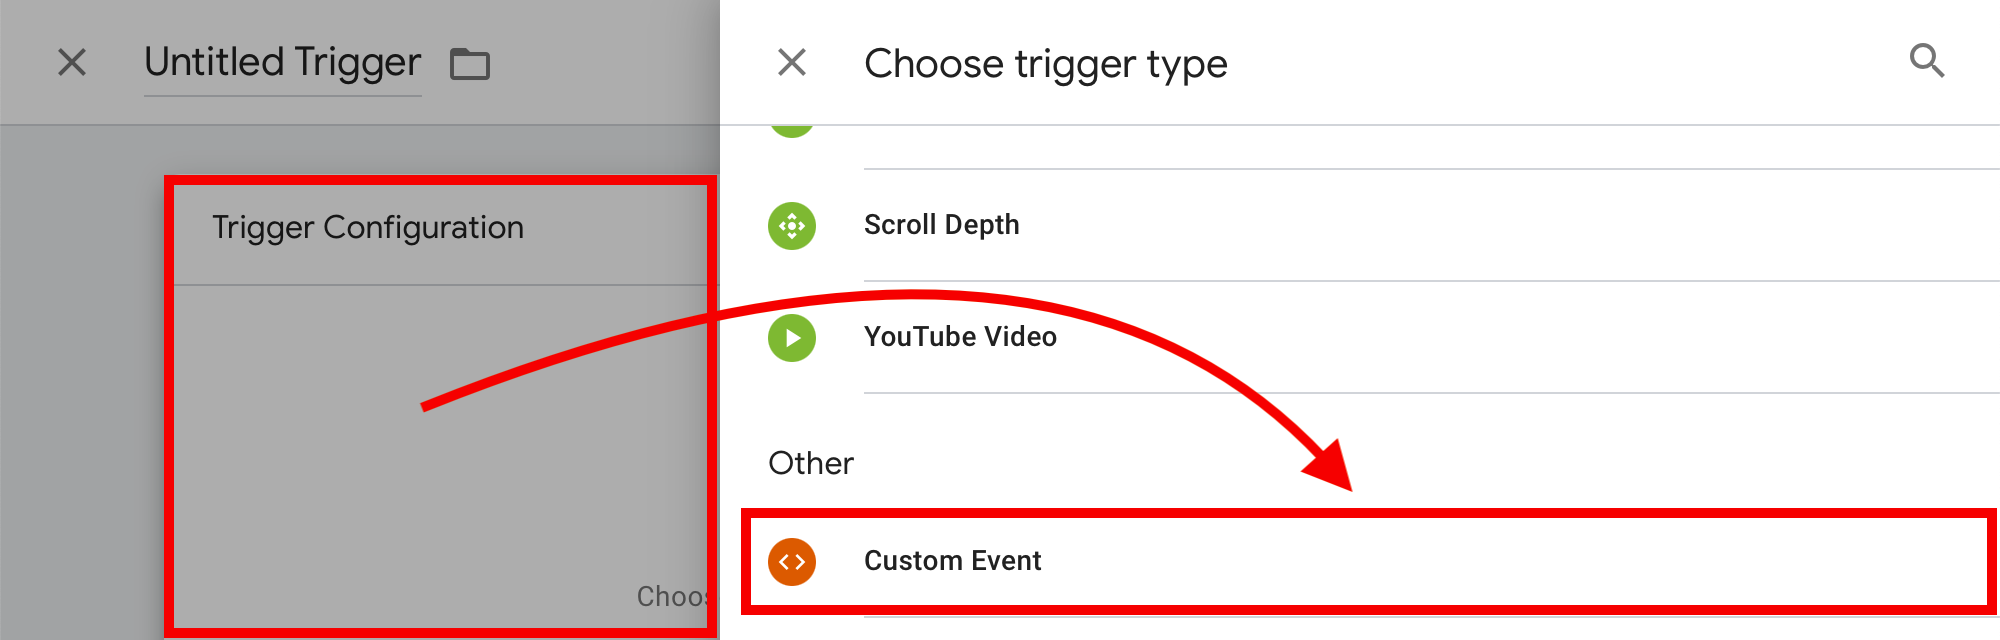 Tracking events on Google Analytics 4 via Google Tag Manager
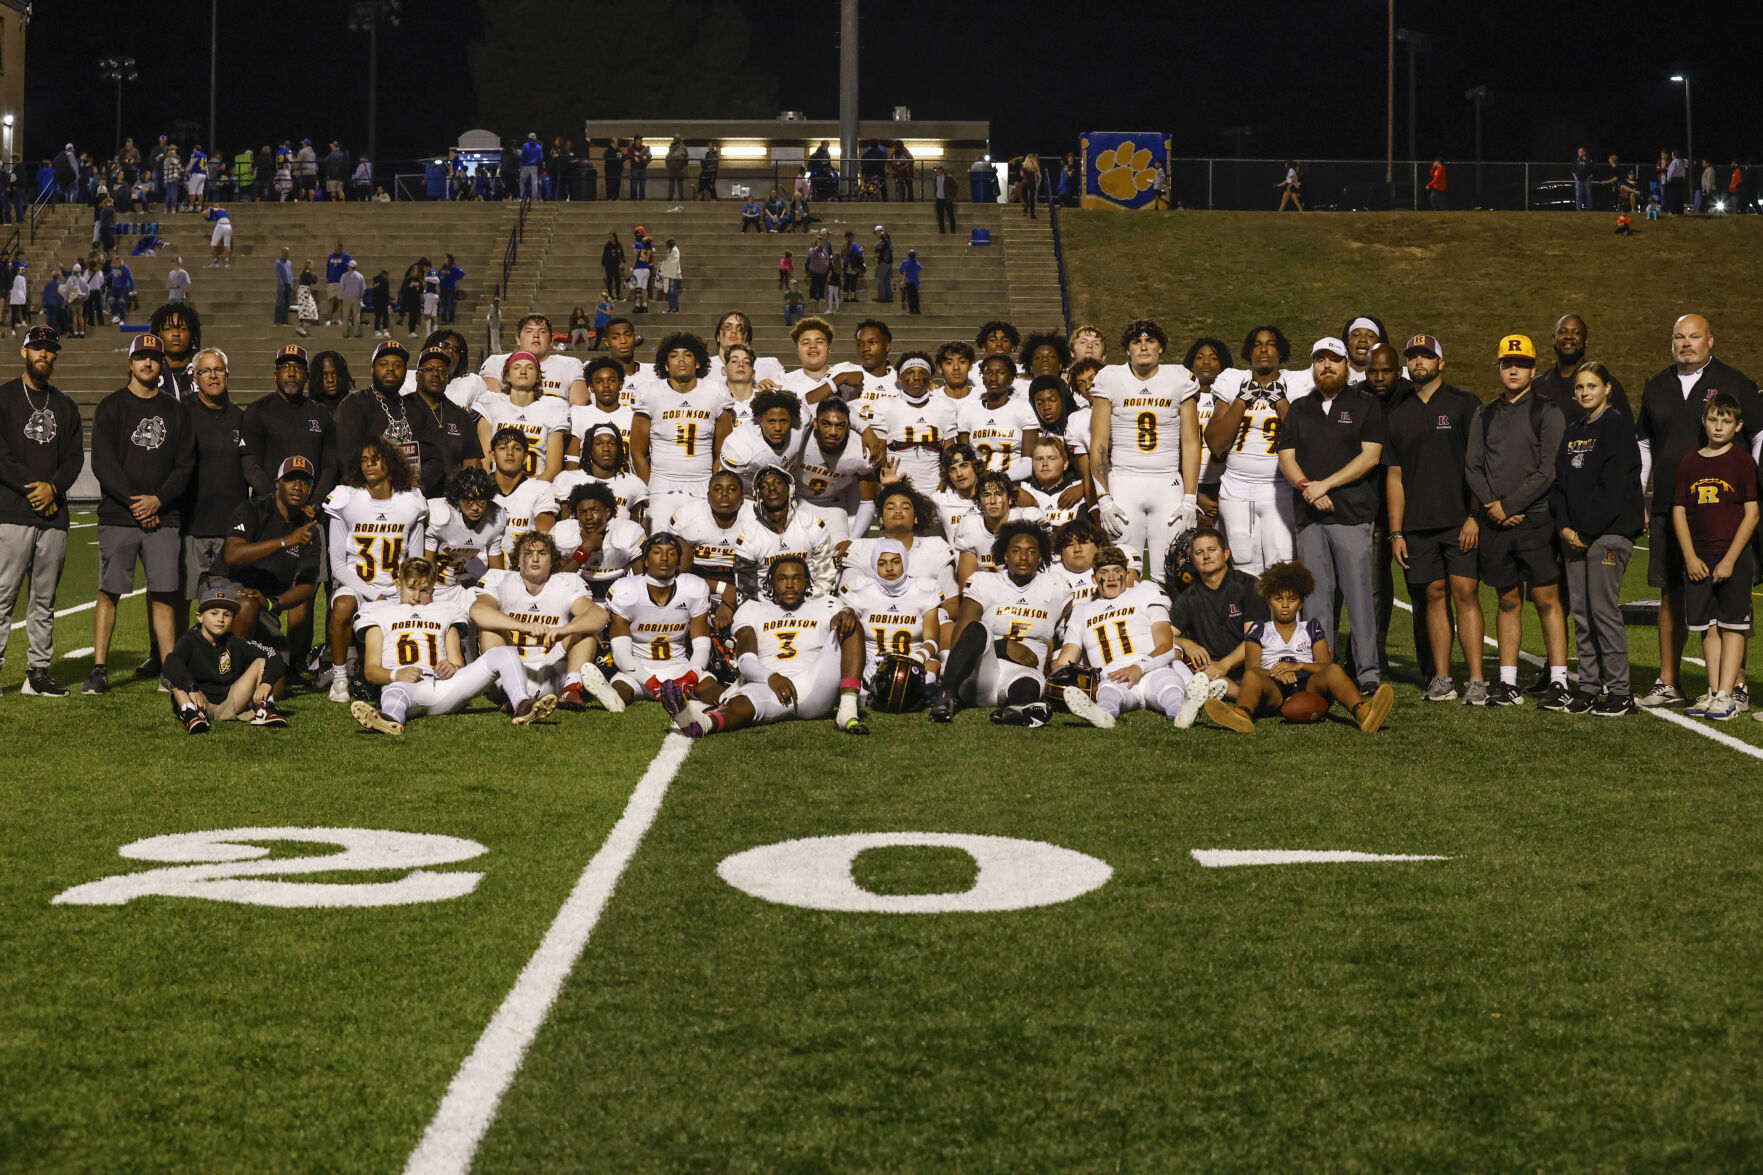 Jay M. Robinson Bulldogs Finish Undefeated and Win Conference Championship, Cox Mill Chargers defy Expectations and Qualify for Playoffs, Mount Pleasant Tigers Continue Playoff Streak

...

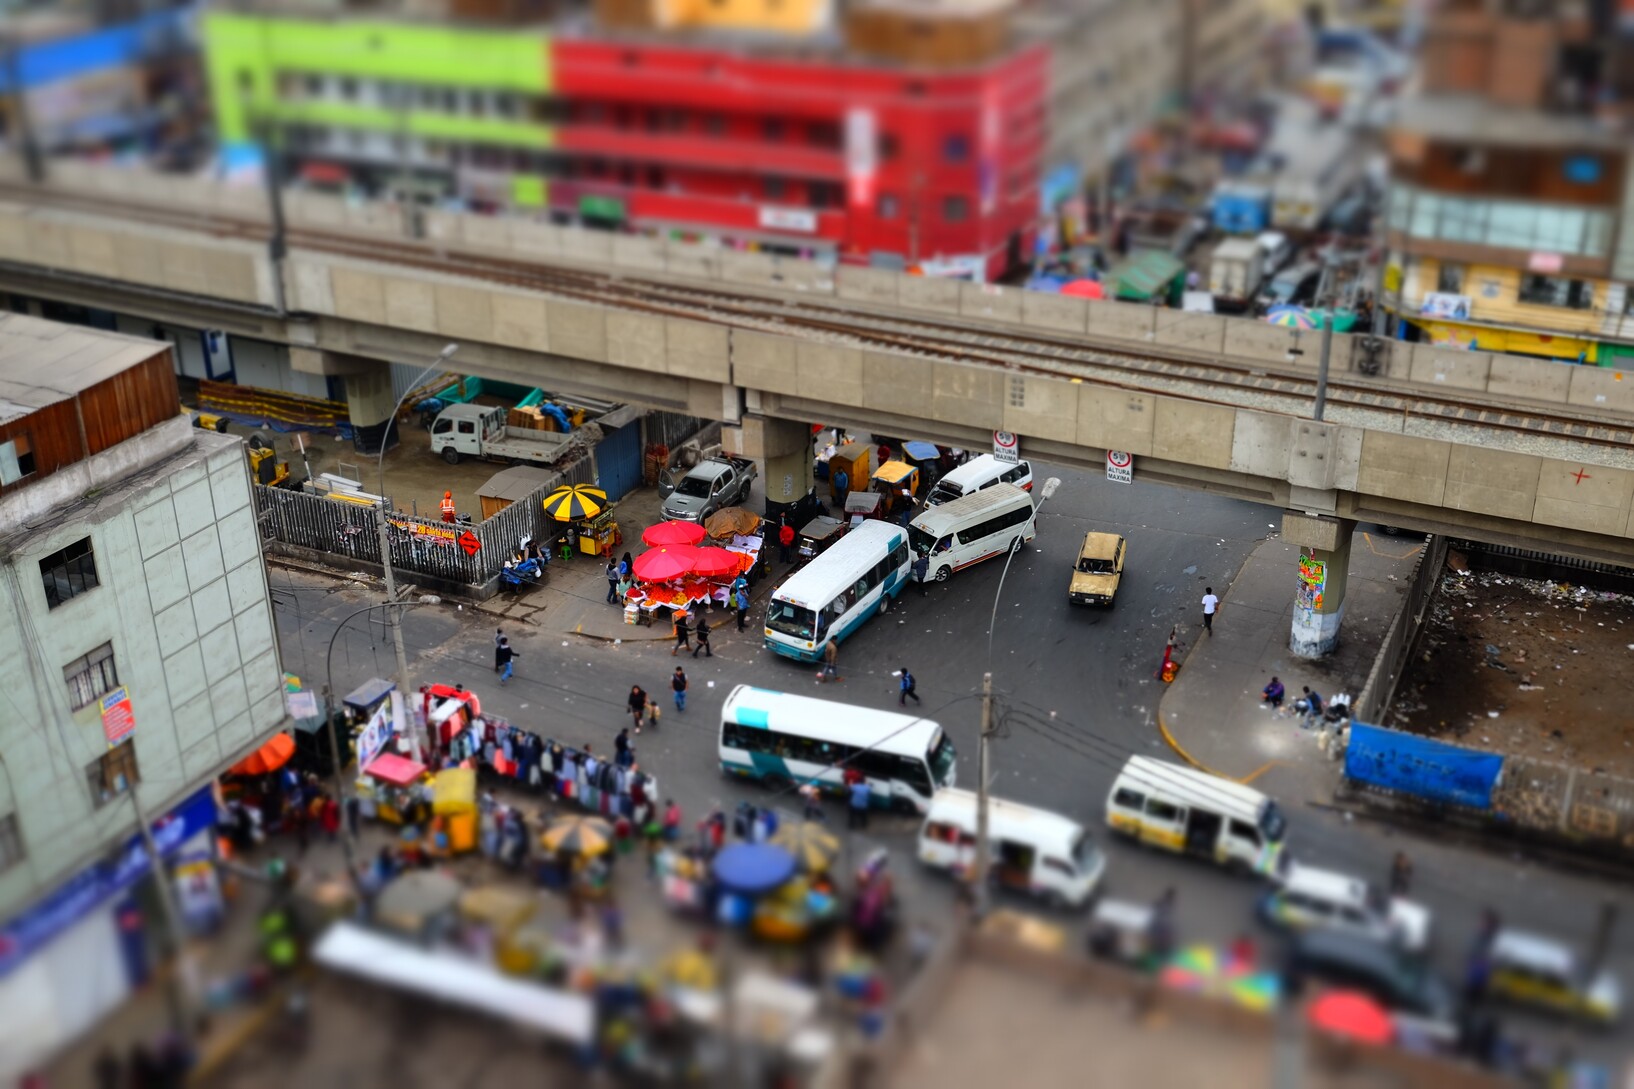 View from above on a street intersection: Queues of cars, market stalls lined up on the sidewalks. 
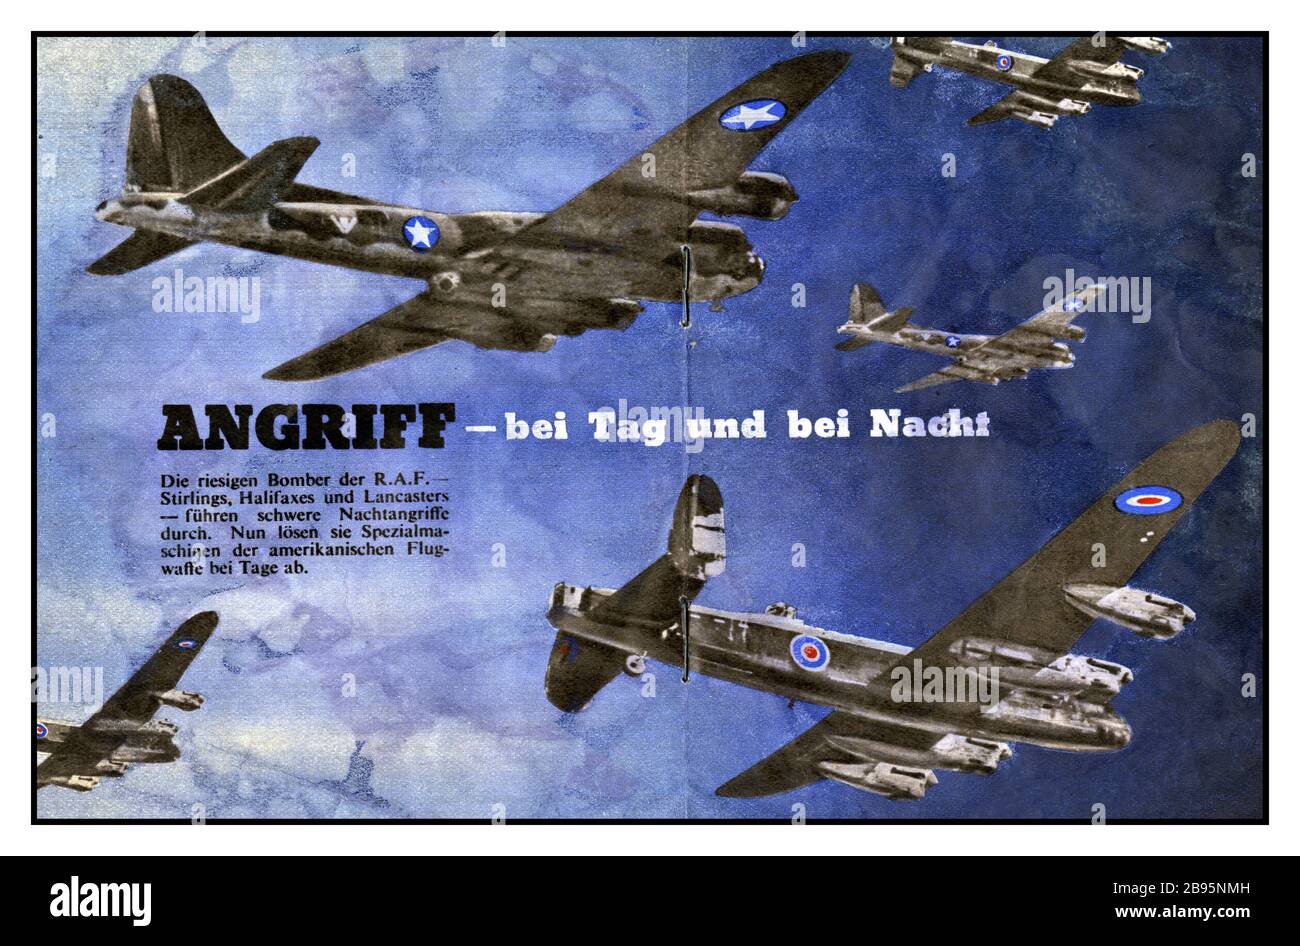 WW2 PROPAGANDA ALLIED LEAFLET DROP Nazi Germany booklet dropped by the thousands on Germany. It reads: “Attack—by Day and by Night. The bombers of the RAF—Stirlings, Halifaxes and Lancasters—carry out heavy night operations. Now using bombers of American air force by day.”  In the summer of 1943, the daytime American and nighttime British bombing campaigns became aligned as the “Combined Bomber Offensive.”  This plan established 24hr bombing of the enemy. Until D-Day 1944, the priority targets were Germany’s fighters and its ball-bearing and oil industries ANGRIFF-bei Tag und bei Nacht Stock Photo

* * *

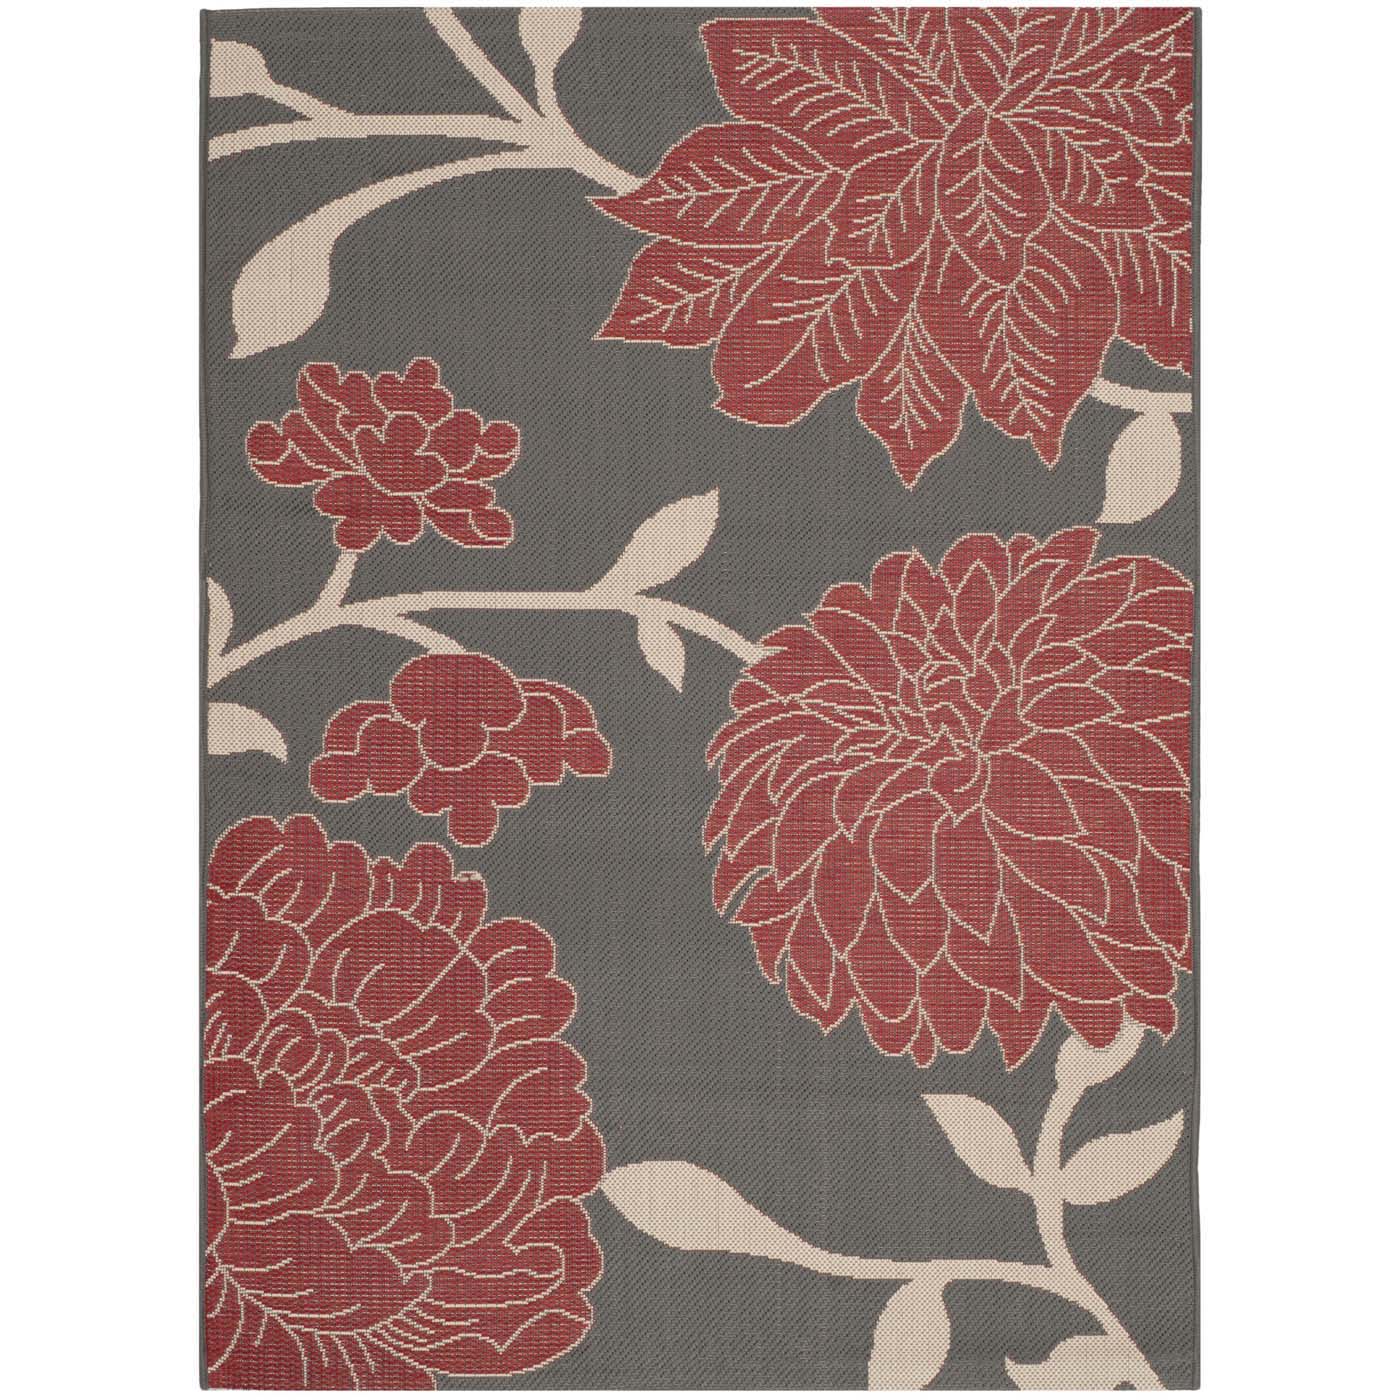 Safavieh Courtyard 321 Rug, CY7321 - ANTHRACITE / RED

DIRECTIONS -> With the pictures removed, print only the lines starting at the line that has "Tracking events on" and ending at the line that has "Jay M. Robinson", both ends included, exactly as they stand above.

OUTPUT ->
 Tracking events on Google Analytics 4 via Google Tag Manager
 Jay M. Robinson Bulldogs Finish Undefeated and Win Conference Championship, Cox Mill Chargers defy Expectations and Qualify for Playoffs, Mount Pleasant Tigers Continue Playoff Streak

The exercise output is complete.